GOAL OF THE EXERCISE: Scan the records for the string "left" and copy every line that holds it.

*** Opening of INFORMATION PROVIDED ***

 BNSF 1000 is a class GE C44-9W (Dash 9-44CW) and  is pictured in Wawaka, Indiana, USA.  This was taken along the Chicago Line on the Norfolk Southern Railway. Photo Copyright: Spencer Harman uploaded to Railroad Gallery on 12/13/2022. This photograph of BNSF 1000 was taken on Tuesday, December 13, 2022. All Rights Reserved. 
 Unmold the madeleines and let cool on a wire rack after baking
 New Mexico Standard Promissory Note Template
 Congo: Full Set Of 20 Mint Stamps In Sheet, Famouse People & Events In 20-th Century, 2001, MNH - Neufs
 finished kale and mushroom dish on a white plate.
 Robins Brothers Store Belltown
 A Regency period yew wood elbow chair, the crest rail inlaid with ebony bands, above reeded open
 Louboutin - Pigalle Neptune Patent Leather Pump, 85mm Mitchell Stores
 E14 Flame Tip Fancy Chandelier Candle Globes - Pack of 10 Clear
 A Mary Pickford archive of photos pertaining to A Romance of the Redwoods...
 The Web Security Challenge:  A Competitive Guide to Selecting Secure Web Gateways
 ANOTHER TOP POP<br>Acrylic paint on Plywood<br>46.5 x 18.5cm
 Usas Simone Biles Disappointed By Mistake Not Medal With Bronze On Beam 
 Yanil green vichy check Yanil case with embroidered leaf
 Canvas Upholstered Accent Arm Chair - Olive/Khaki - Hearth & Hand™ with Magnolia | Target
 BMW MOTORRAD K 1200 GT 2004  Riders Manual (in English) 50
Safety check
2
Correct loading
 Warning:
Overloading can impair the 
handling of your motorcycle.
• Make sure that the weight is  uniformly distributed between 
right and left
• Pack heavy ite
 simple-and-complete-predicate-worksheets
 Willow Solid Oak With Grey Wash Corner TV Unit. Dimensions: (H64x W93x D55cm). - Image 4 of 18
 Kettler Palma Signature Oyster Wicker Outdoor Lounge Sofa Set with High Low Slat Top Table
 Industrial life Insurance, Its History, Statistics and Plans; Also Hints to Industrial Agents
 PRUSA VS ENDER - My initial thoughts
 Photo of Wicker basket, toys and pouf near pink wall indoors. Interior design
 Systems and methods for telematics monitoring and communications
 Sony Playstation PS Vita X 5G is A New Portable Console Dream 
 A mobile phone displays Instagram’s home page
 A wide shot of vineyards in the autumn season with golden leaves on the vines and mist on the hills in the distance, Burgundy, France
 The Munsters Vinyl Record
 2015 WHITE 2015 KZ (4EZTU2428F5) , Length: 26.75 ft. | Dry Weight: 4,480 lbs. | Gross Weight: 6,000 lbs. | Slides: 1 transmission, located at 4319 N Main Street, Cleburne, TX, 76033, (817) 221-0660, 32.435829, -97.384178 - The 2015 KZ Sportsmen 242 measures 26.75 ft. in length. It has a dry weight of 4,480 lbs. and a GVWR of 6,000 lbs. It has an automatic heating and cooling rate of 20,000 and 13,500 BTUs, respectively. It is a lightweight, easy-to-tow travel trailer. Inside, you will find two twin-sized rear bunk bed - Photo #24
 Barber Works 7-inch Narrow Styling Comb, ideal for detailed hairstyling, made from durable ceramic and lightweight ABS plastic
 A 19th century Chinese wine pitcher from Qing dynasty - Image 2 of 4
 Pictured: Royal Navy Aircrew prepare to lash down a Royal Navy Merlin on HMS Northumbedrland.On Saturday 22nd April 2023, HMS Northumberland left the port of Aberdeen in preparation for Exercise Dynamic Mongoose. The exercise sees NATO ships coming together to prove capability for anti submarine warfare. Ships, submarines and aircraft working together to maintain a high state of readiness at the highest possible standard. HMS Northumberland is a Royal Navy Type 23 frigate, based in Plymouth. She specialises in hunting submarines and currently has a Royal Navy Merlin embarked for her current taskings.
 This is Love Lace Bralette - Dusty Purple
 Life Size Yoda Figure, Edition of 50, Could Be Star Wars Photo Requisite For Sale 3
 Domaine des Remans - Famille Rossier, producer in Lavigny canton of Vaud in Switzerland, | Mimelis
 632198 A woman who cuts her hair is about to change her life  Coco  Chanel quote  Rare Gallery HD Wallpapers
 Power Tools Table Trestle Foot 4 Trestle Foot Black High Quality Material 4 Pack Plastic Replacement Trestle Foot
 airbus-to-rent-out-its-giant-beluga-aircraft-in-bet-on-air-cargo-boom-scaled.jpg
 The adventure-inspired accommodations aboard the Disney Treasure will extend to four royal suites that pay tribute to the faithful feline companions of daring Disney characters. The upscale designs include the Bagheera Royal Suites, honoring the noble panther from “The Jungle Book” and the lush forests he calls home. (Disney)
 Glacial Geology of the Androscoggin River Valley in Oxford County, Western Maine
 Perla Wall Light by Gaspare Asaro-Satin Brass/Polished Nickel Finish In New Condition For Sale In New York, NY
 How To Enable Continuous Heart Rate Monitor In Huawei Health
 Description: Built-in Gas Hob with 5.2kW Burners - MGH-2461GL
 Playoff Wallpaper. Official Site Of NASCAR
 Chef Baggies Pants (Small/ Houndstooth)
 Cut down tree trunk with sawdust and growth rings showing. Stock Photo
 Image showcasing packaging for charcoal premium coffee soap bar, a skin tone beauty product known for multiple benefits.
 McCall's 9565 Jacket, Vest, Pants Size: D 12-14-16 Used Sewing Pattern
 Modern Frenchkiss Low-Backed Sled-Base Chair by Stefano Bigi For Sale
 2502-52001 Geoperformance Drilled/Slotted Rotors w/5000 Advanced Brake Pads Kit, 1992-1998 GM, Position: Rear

*** Close of INFORMATION PROVIDED ***

TASK OUTPUT:
right and left
 Pictured: Royal Navy Aircrew prepare to lash down a Royal Navy Merlin on HMS Northumbedrland.On Saturday 22nd April 2023, HMS Northumberland left the port of Aberdeen in preparation for Exercise Dynamic Mongoose. The exercise sees NATO ships coming together to prove capability for anti submarine warfare. Ships, submarines and aircraft working together to maintain a high state of readiness at the highest possible standard. HMS Northumberland is a Royal Navy Type 23 frigate, based in Plymouth. She specialises in hunting submarines and currently has a Royal Navy Merlin embarked for her current taskings.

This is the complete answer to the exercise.